What is the name of the kind of beer served that is so high in alcohol content that it's rumoured to make you angry and fight? I saw this crawl on one of Rick's shows and can't find it or the name. It's not Stella, the pub master said it was a nickname for this kind of beer. And that his pub DID serve it and they both laughed. I can't for the LIFE of me remember the word for it! HELP!
You're probably referring to Scrumpy, which is an English Cider. If it's the show I'm thinking of, that's the one where Rick paid a visit to Mr. Wilkin's Land's End Farm. This might be the one....
You can watch Rick's visit to the Wilkin's farm on this website, in either Real Media or Windows Media.....
Probably Scrumpy, a cider mostly from the West Country, but the potency and fighting business is another urban myth.
It's runs less than ten percent alcohol by volume - - vodka is forty or fifty.
Bulmers (Herefordshire) sells it, I think,. They're either owned by Henikens or by everwho owns them.
It tastes like crap.
Actually, I've heard the story applied to all cider in general, Scrumpy is just the worst tasting of the lot. Just about any pub has a cider handle of some kind.

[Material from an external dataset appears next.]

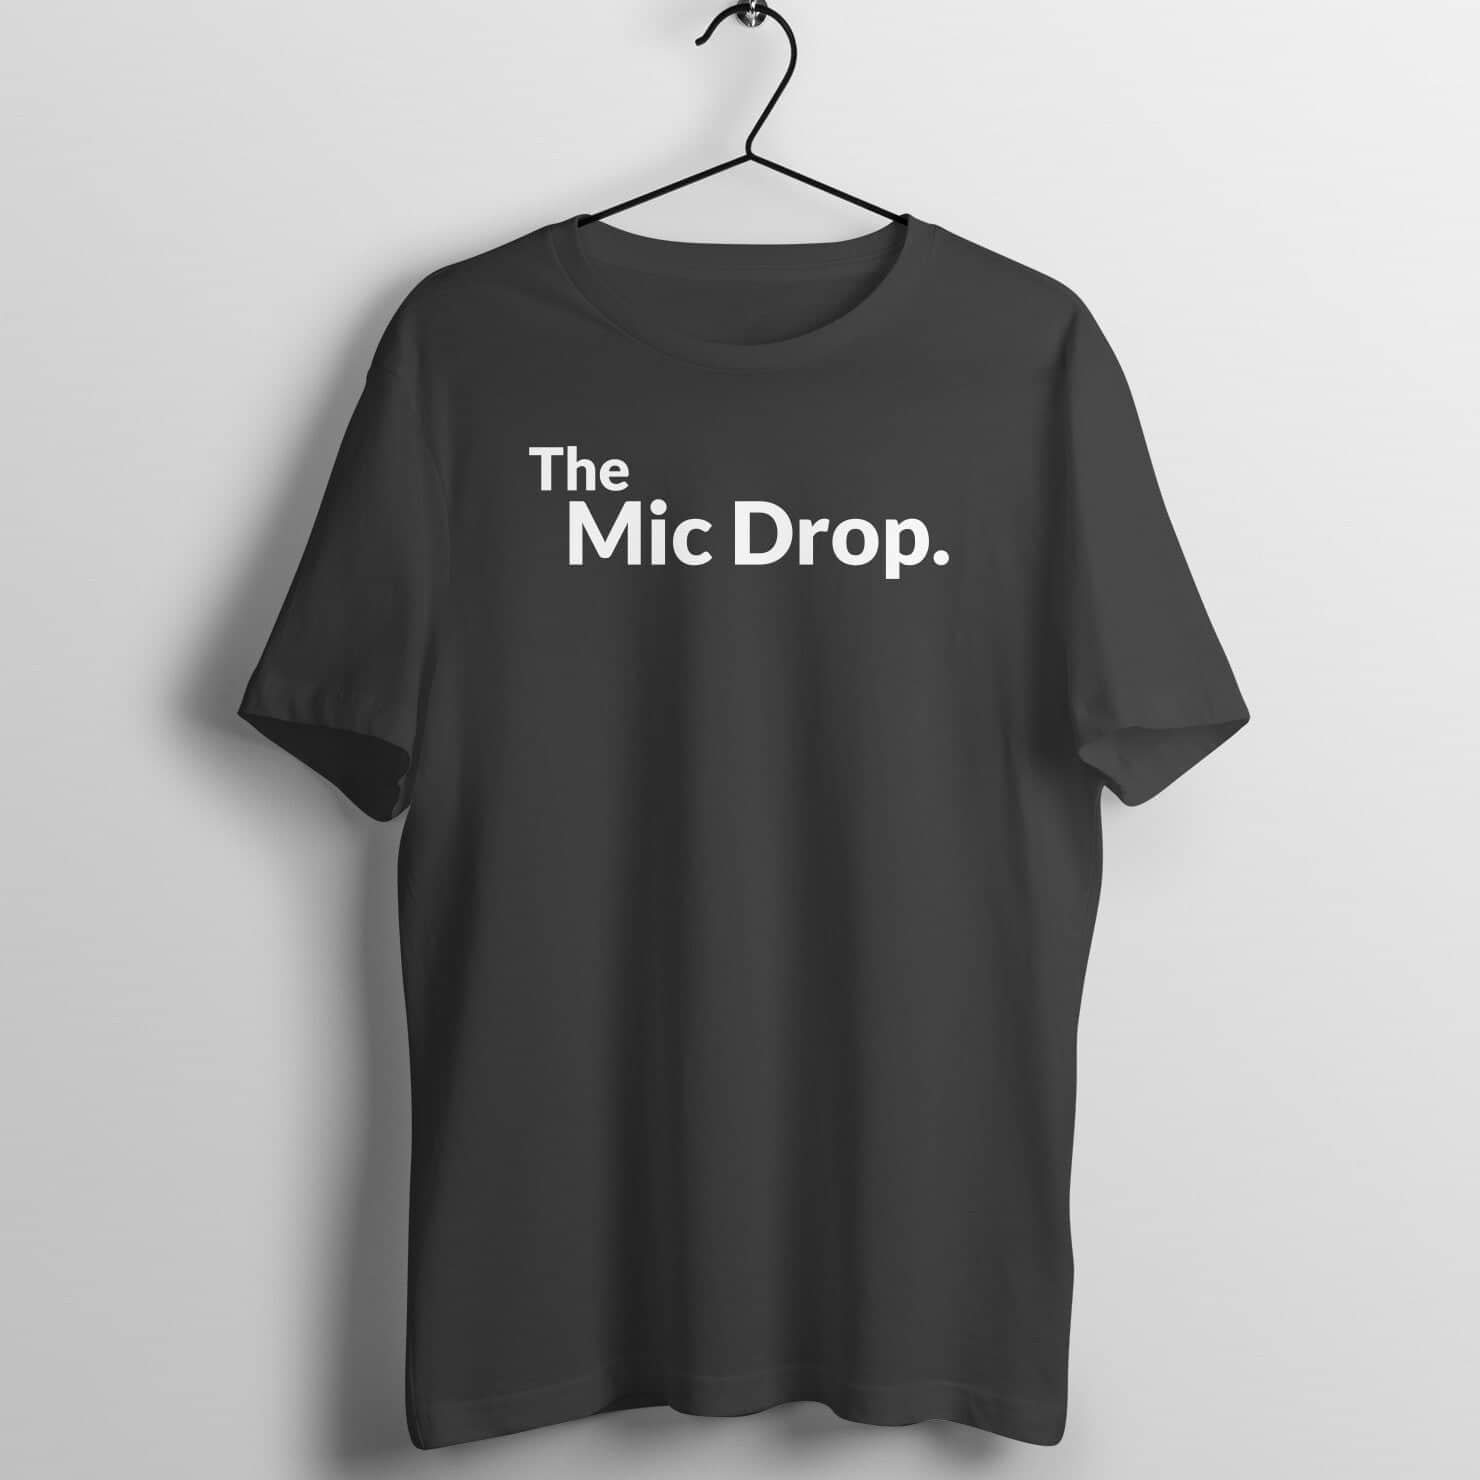 The Mic Drop Exclusive Black T Shirt for Men and Women Printrove Black S

You may be talking about a drink called a "Snakebite". It's a mix of Cider and Beer, mostly cider, and usually a higher ABV beer.
You can probably find all kinds of theories and stories on the web regarding it, most attesting to some type of chemical reaction or other nonsense. My own unsubstantiated theory is that the taste is just sweet and smooth, encouraging you to just drink more...equating crazy with drunk leading to fighting and arguing.
I think the actual "banning" is more story than fact and you can probably have one served many places.
Special Brew? Tennants Super?
Supermarkets in some towns are banned from selling ultra-strong lagers, but it's less due to fighting than to dissuade skid row drunks from congregating in the area.
Might be "wreck the hoose ,juice"
Buckfast tonic....notorious in West central scotland
Bulmers, Strongbow, Magners and other mass-produced brands are all boggo-standard pub ciders; calling any of them scrumpy is like calling a sales-rep Mondeo a monster truck. Fine in their place but give me a Westons vintage or Rattler any day.
It is possible to get scrumpy legit if you look hard enough but most is illegal. But not because of strength - because it's undeclared and no tax has been paid. And at 6-8% abv, it may be 1/5th the strength of spirits but it takes a special kind of nutter to neck a pint of vodka whereas a gallon jug of scrumpy goes down very easy. If you don't take care you'll need pouring into a cab at chucking out!
If you find proper under-the-bar scrumpy stay near the loo the next day though. It'll be rough as, fermented in a plastic bin in the back of the barn where the vet won't see it, and unpasteurized. This will likely give newbies a certain amount of - how shall I put this - 'gastric distress'...
Here's a transcript from the Heart of England and South Wales episode:
Rick: You know, I'd love a scrumpy, do you have scrumpy here?
Bartender: We certainly have.
Rick: Why don't many pubs actually serve this farmhouse cider?
Customer: Makes people fight.
Rick: Is that right, changes the clientele?
Customer: It makes them very angry. If you're going to be that way, inclined, if you're going to be violent it'll make you that way.
Rick: This brings out the violence in a person inclined to violence.
Customer: No question about that.
Rick: I'm a lover, not a fighter.
Customer: There you go, too much of that and you won't be.*
A friend brewed a batch and we called it fightin' juice.